Chilling: Reporter's confidential notes seized in firearms raid by Feds
A free lance investigative journalist who used to work for the Washington Times where she reported critically and extensively on the air marshal service was the subject of a raid by state and federal authorities in August for ostensibly keeping illegal firearms on the premises.
That is yet to be determined. But it's what wasn't in the search warrant but was seized anyway were the reporter's confidential notes that revealed sources inside the Department of Homeland Security and elsewhere in government.
In an interview with The Daily Caller, journalist Audrey Hudson revealed that the Department of Homeland Security and Maryland State Police were involved in a predawn raid of her Shady Side, Md. home on Aug. 6. Hudson is a former Washington Times reporter and current freelance reporter.
A search warrant obtained by TheDC indicates that the August raid allowed law enforcement to search for firearms inside her home.
The document notes that her husband, Paul Flanagan, pleaded guilty in 1986 to resisting arrest in Prince George's County. The warrant called for police to search the residence they share and seize all weapons and ammunition because he is prohibited under the law from possessing firearms.
But without Hudson's knowledge, the agents also confiscated a batch of documents that contained information about sources inside the Department of Homeland Security and the Transportation Security Administration, she said.

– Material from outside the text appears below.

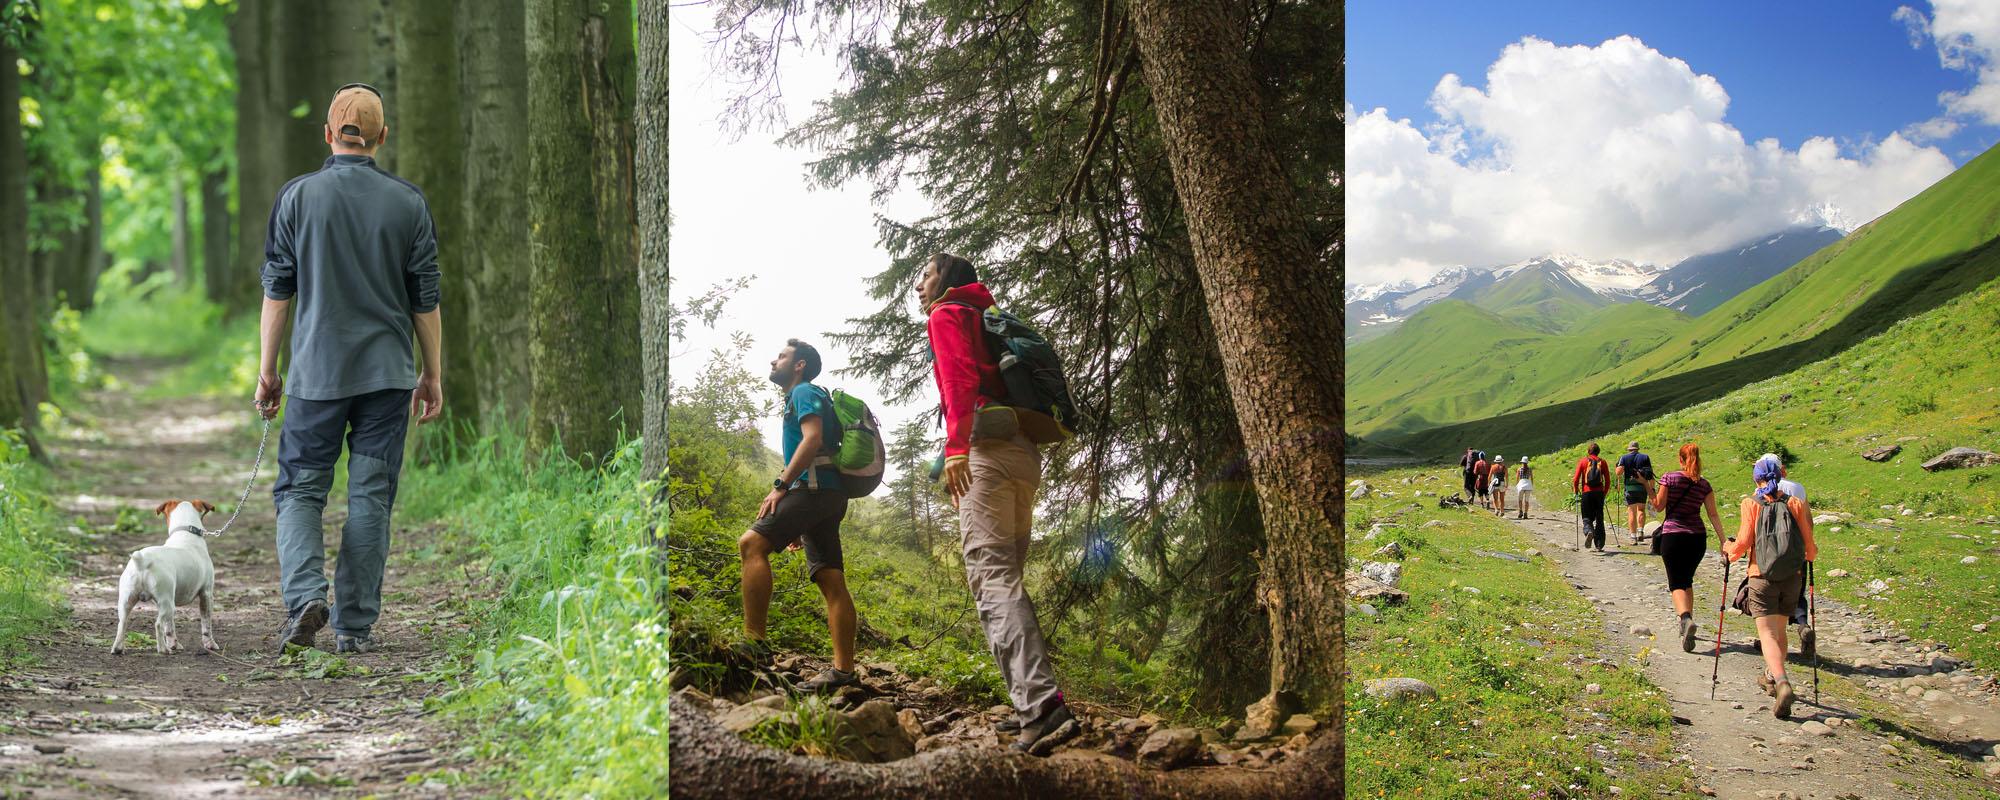 Wandelen, hiken of trekking… Wat is het verschil?

Outraged over the seizure, Hudson is now speaking out. She said no subpoena for the notes was presented during the raid and argues the confiscation was outside of the search warrant's parameter.
"They took my notes without my knowledge and without legal authority to do so," Hudson said this week. "The search warrant they presented said nothing about walking out of here with a single sheet of paper."

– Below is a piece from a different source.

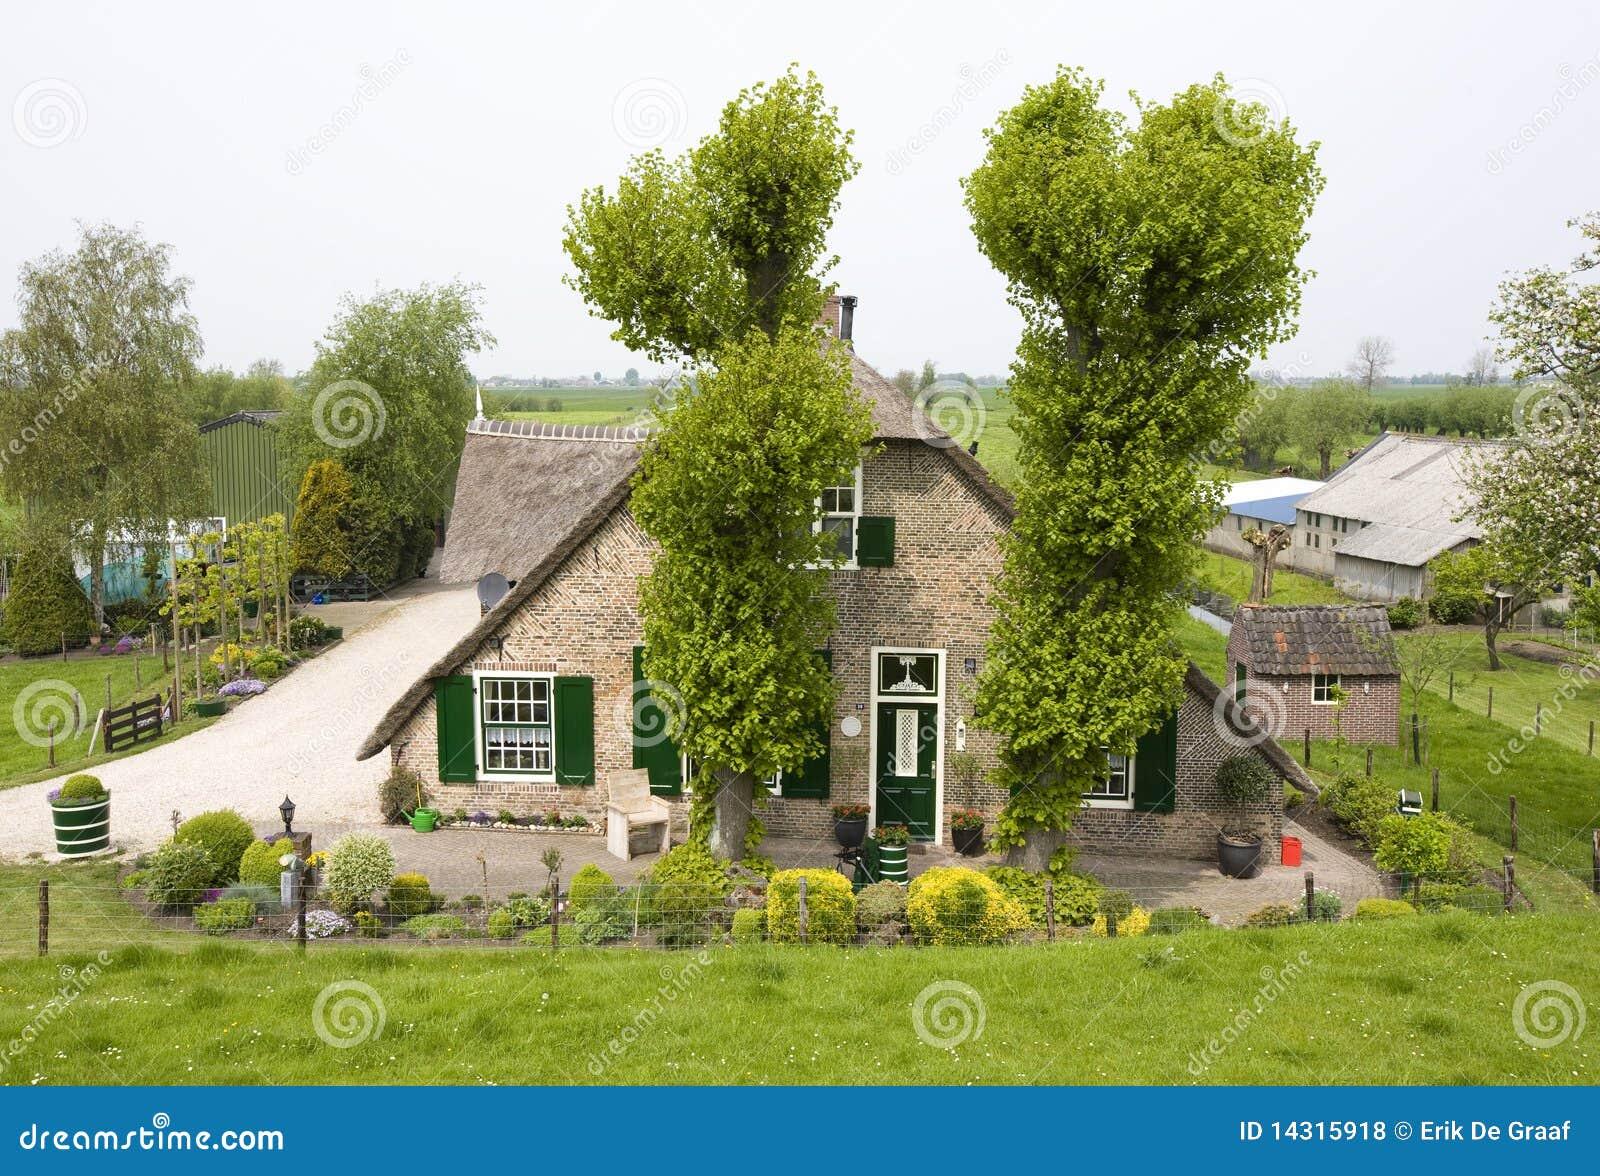 Dutch farm house royalty free stock photos image 14315918 Farm house netherlands

She provided TheDC with a photo showing the stack of file folders in a bag marked "evidence/property."
Hudson wrote a series of articles a few years ago on the air marshal service and how DHS officials had lied to Congress about how many planes the marshals were protecting. This didn't sit well with one of the Coast Guard cops who was part of the raid:
After the search began, Hudson said she was asked by an investigator with the Coast Guard Investigative Service if she was the same Audrey Hudson who had written a series of critical stories about air marshals for The Washington Times over the last decade. The Coast Guard operates under the Department of Homeland Security.

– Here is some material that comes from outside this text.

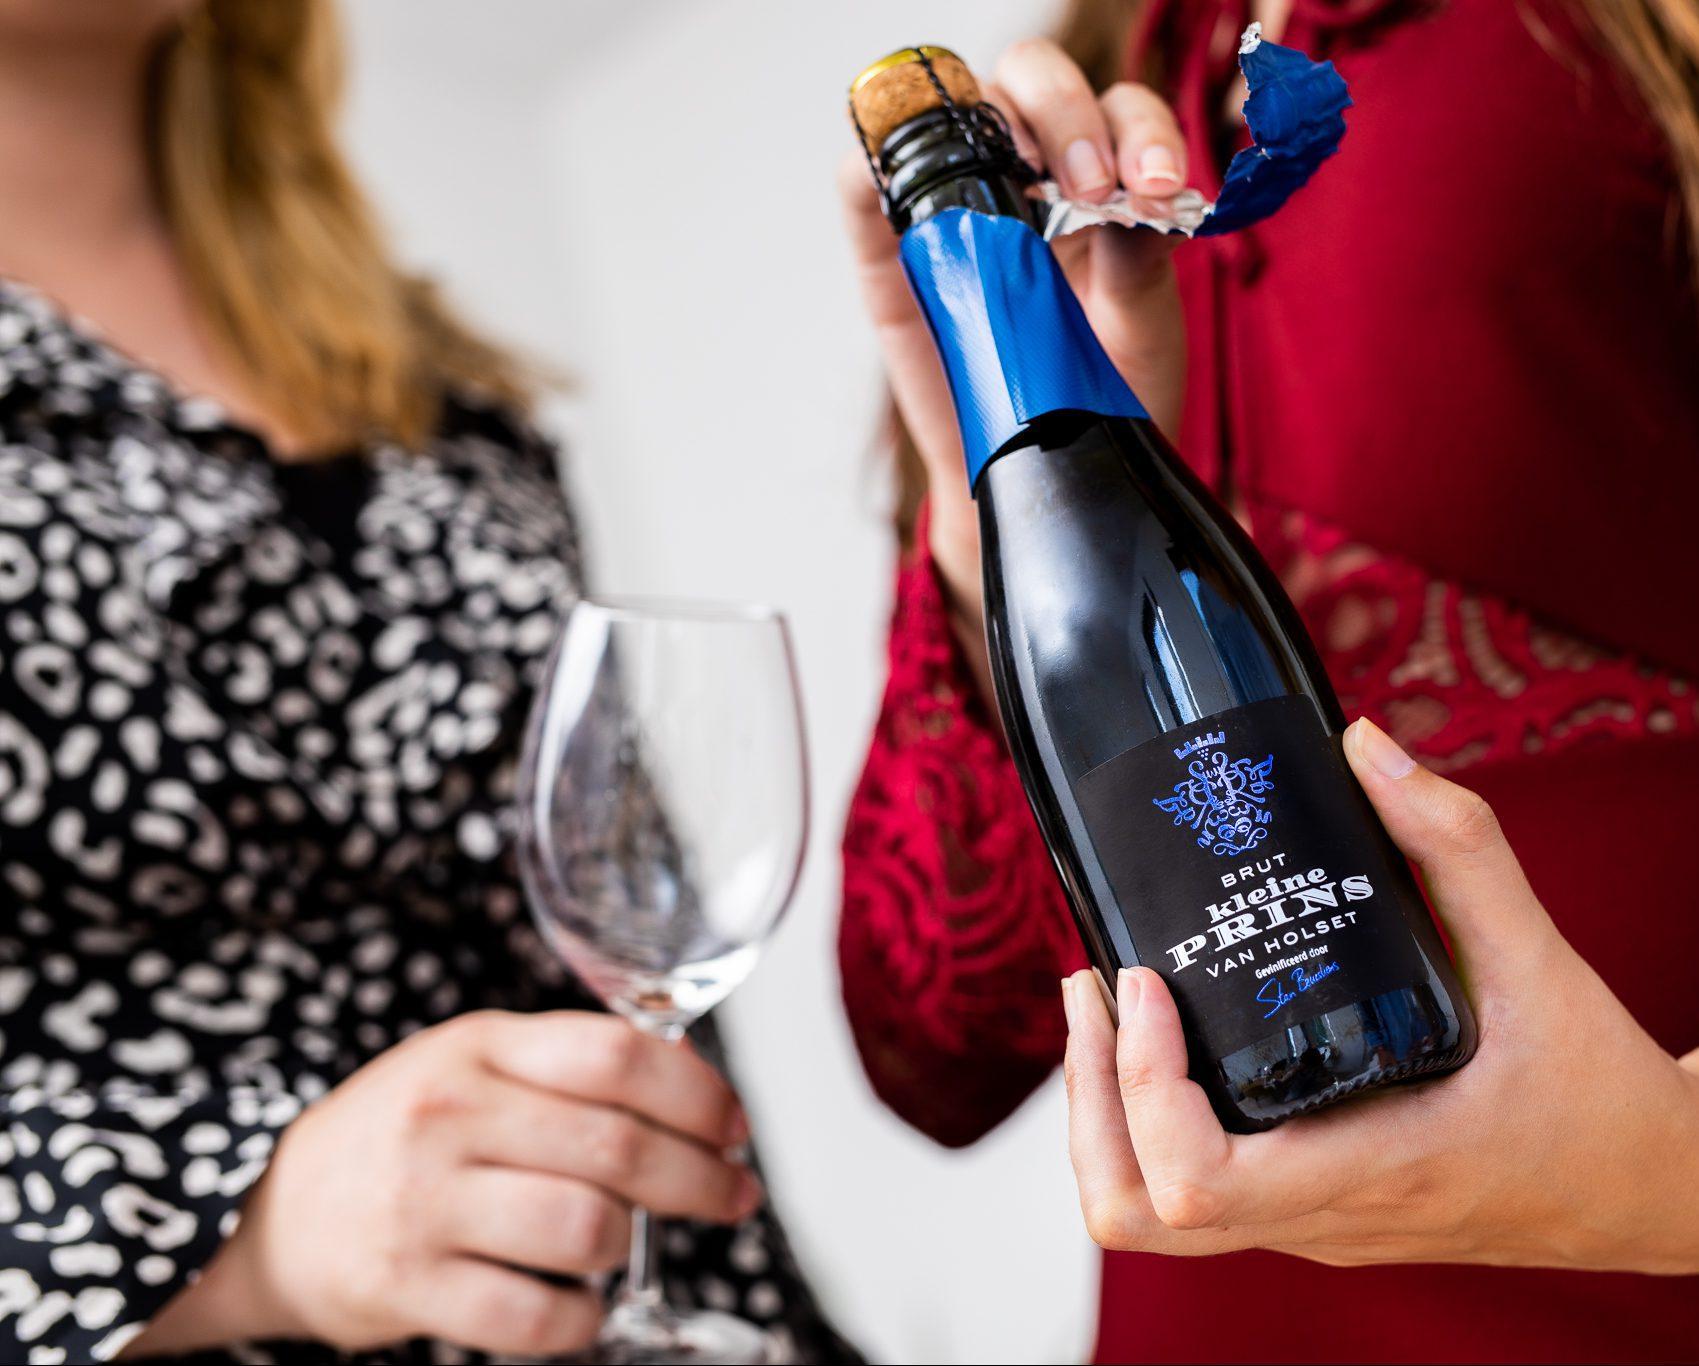 kleine prins van holset bubbels rood champagne nederlandse wijn

Hudson said that investigator, Miguel Bosch, identified himself as a former air marshal official.
But it wasn't until a month later, on Sept. 10, that Hudson was informed by Bosch that five files including her handwritten and typed notes from interviews with numerous confidential sources and other documents had been taken during the raid.
"In particular, the files included notes that were used to expose how the Federal Air Marshal Service had lied to Congress about the number of airline flights there were actually protecting against another terrorist attack," Hudson wrote in a summary about the raid provided to TheDC.
She said she asked Bosch why they took the files. He responded that they needed to run them by TSA to make sure it was "legitimate" for her to have them.
"'Legitimate' for me to have my own notes?" she said incredulously on Wednesday.
The law is specific; evidence of an unrelated crime to the search warrant must be in plain sight for investigators to seize them. How the Coast Guard investigator could see what was in the notes without rifling through them is a mystery.
There is a war on journalists being waged by government. It doesn't matter if they're liberal or conservative, only that what they publish displeases someone in Washington.
This from a CNN reporter:
On Wednesday morning, CNN Newsroom anchor Carol Costello made a rather stunning, if cryptic, revelation. In discussing the firing of national security official Jofi Joseph, Costello agreed with panelist Jason Johnson that the Obama administration can be thin-skinned, and said that "President Obama's people can be quite nasty. They don't like you to say anything bad about their boss, and they're not afraid to use whatever means they have at hand to stop you from doing that, including threatening your job."
Johnson's reaction to the firing was that "we had to see more of the tweets. It's kind of inappropriate, so I can understand him being fired. But the Obama administration is very thin-skinned." (HT/ Ed lasky)
Journalists in Chicago routinely put up with this sort of thing from Democratic politicians. It goes with the territory. It shouldn't shock us, then, that these tactics have migrated to Washington with President Obama.